- [Problem to solve]: Return the following data exactly, with all pictures left out.

- [Material provided]:

◇ ◇ ◇ ◇ ◇

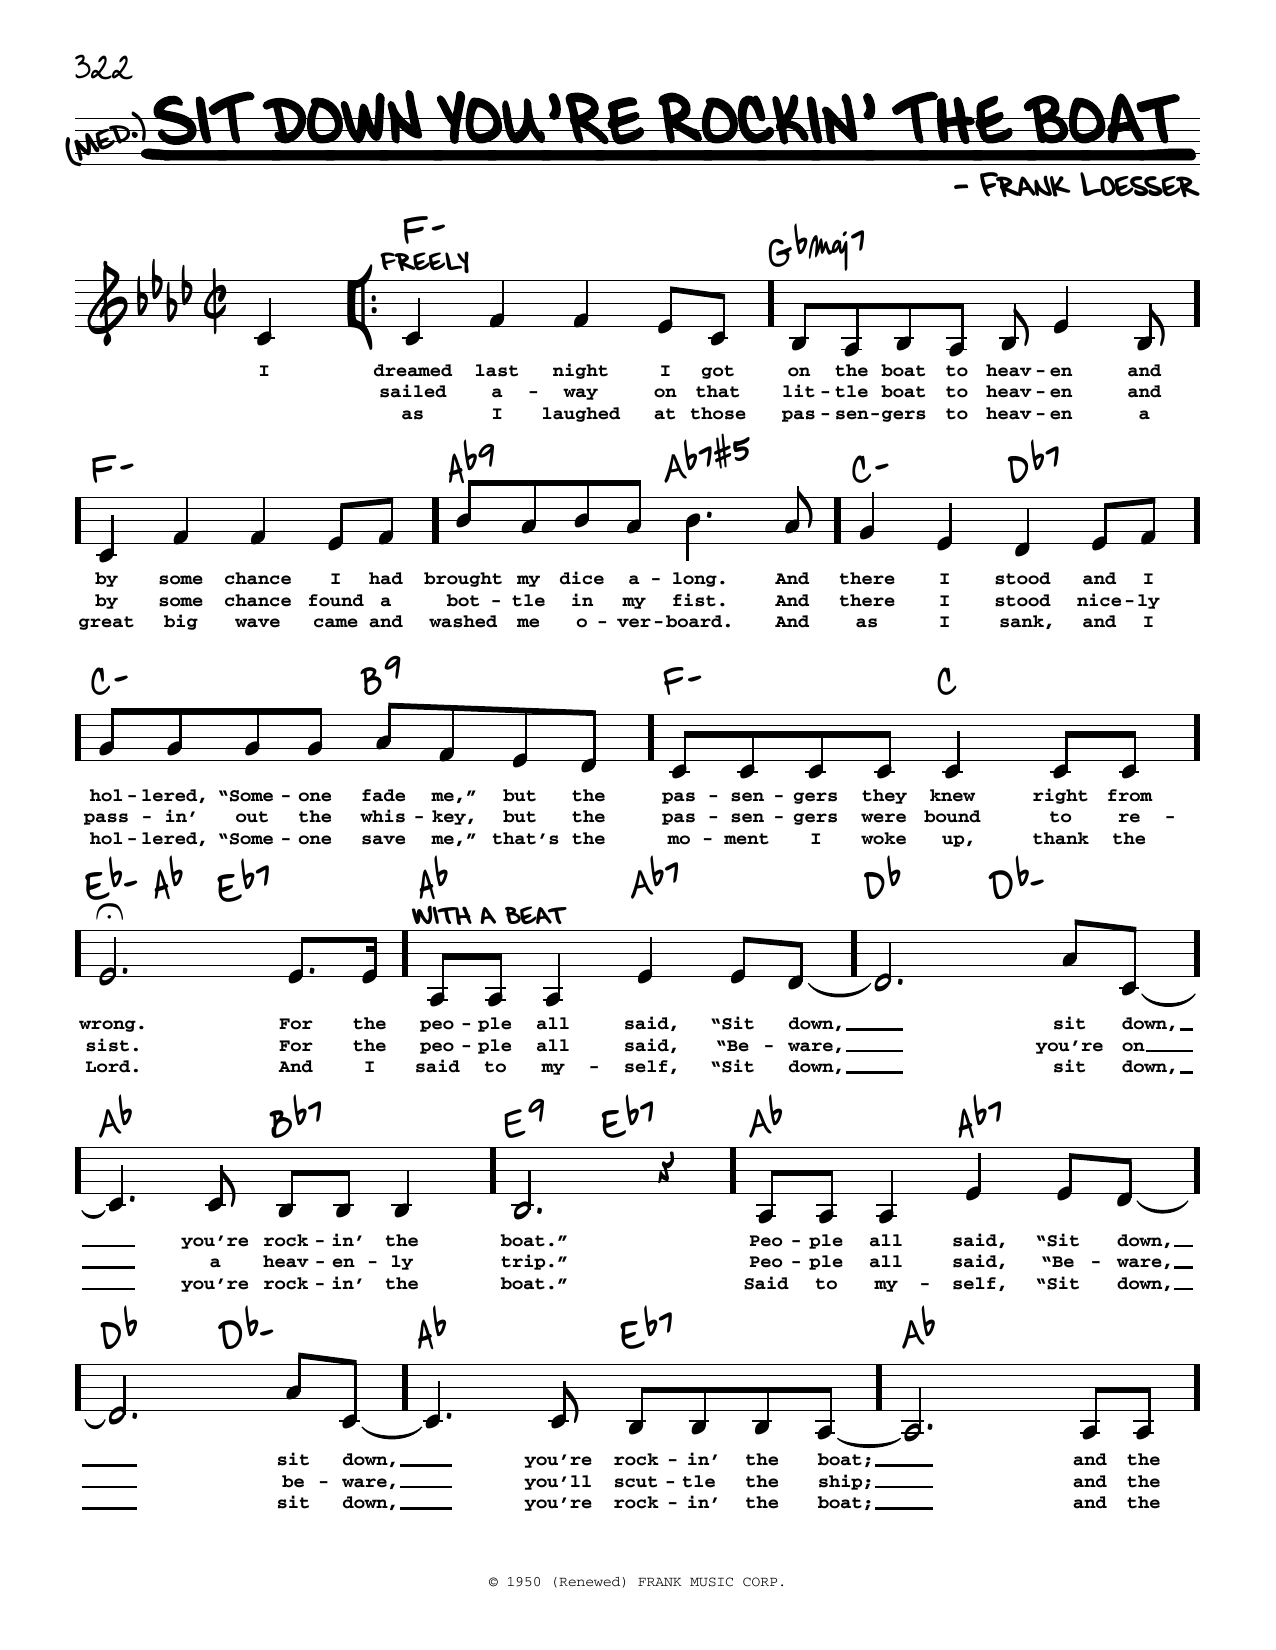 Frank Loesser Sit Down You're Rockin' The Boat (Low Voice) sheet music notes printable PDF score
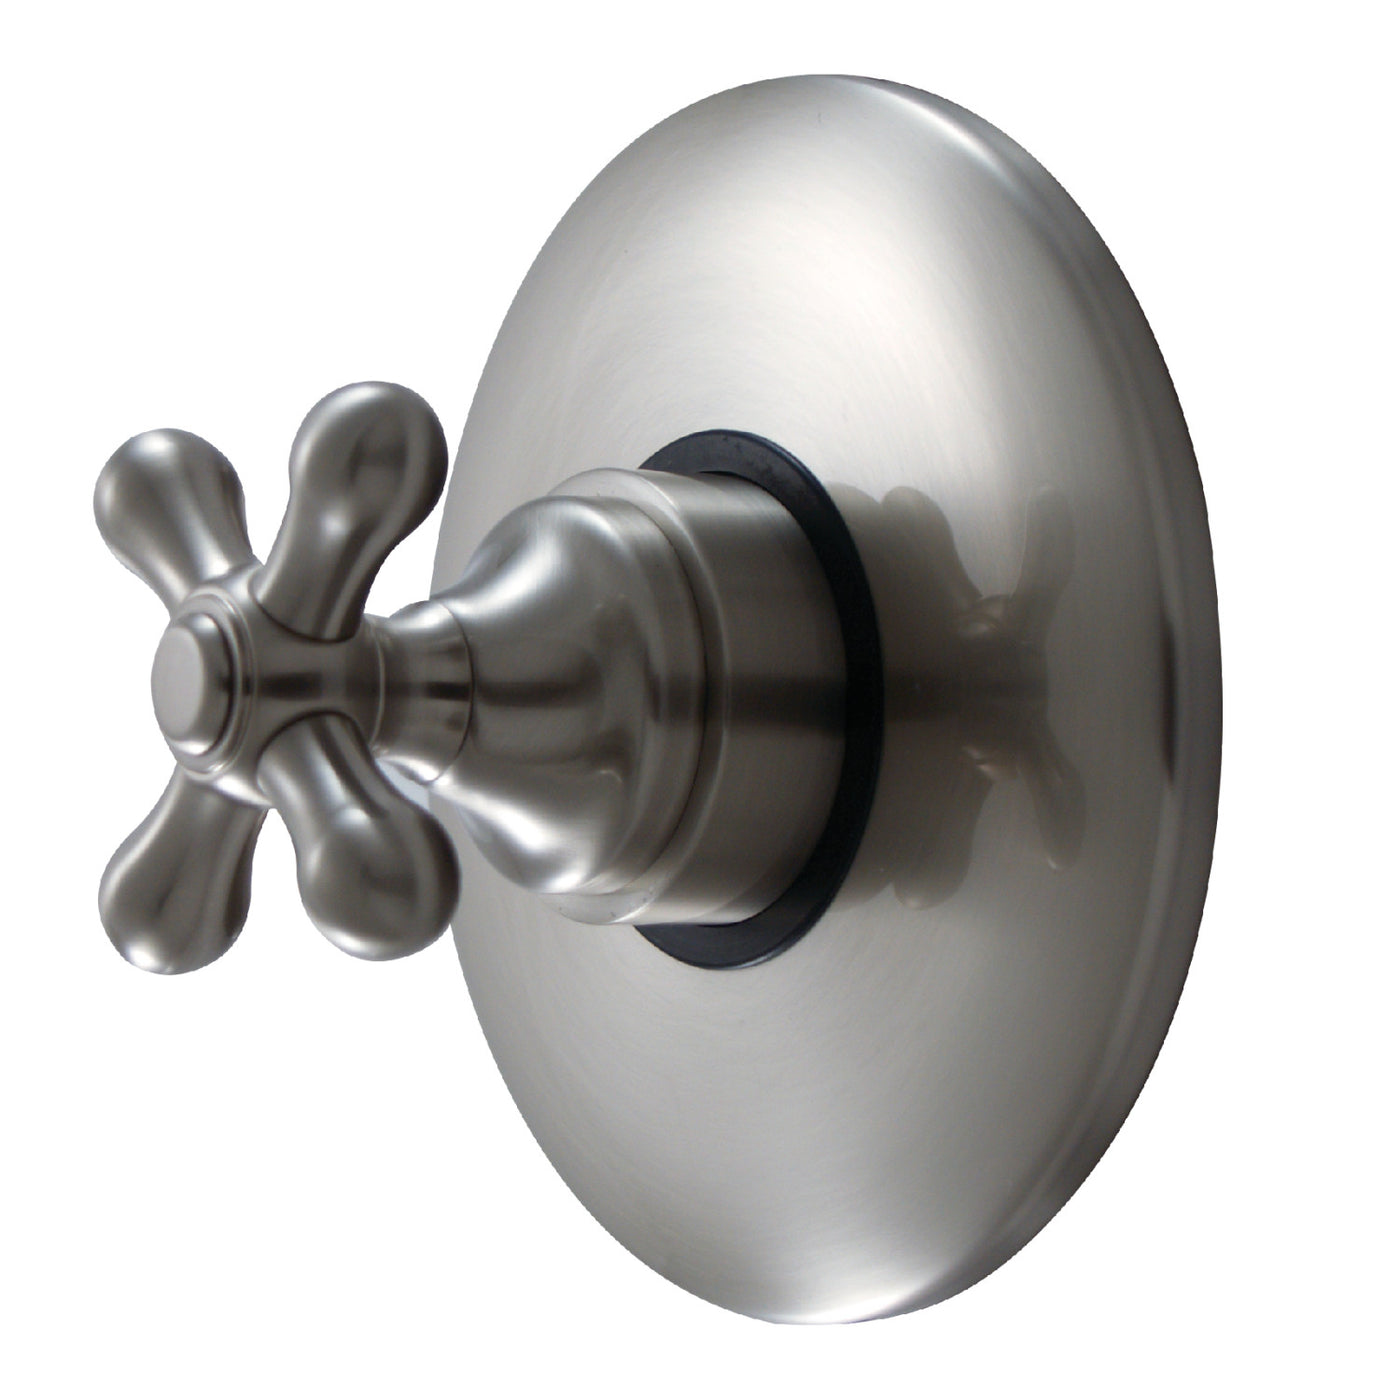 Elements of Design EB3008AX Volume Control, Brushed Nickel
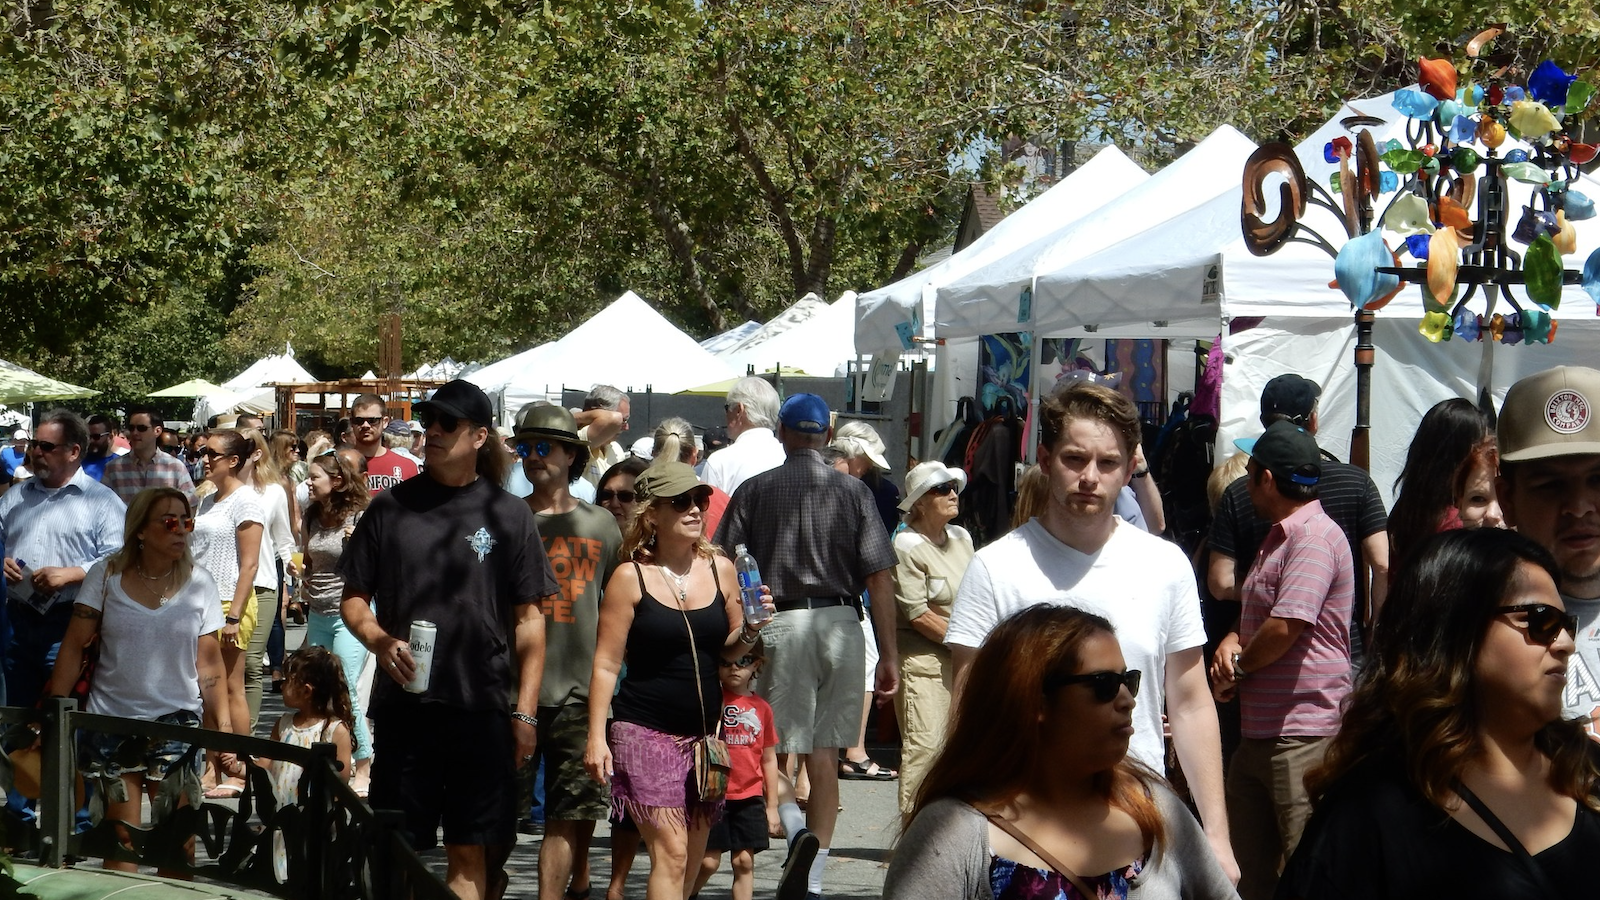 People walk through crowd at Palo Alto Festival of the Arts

◇ ◇ ◇ ◇ ◇

- [Output]:
 Frank Loesser Sit Down You're Rockin' The Boat (Low Voice) sheet music notes printable PDF score
 Elements of Design EB3008AX Volume Control, Brushed Nickel
 People walk through crowd at Palo Alto Festival of the Arts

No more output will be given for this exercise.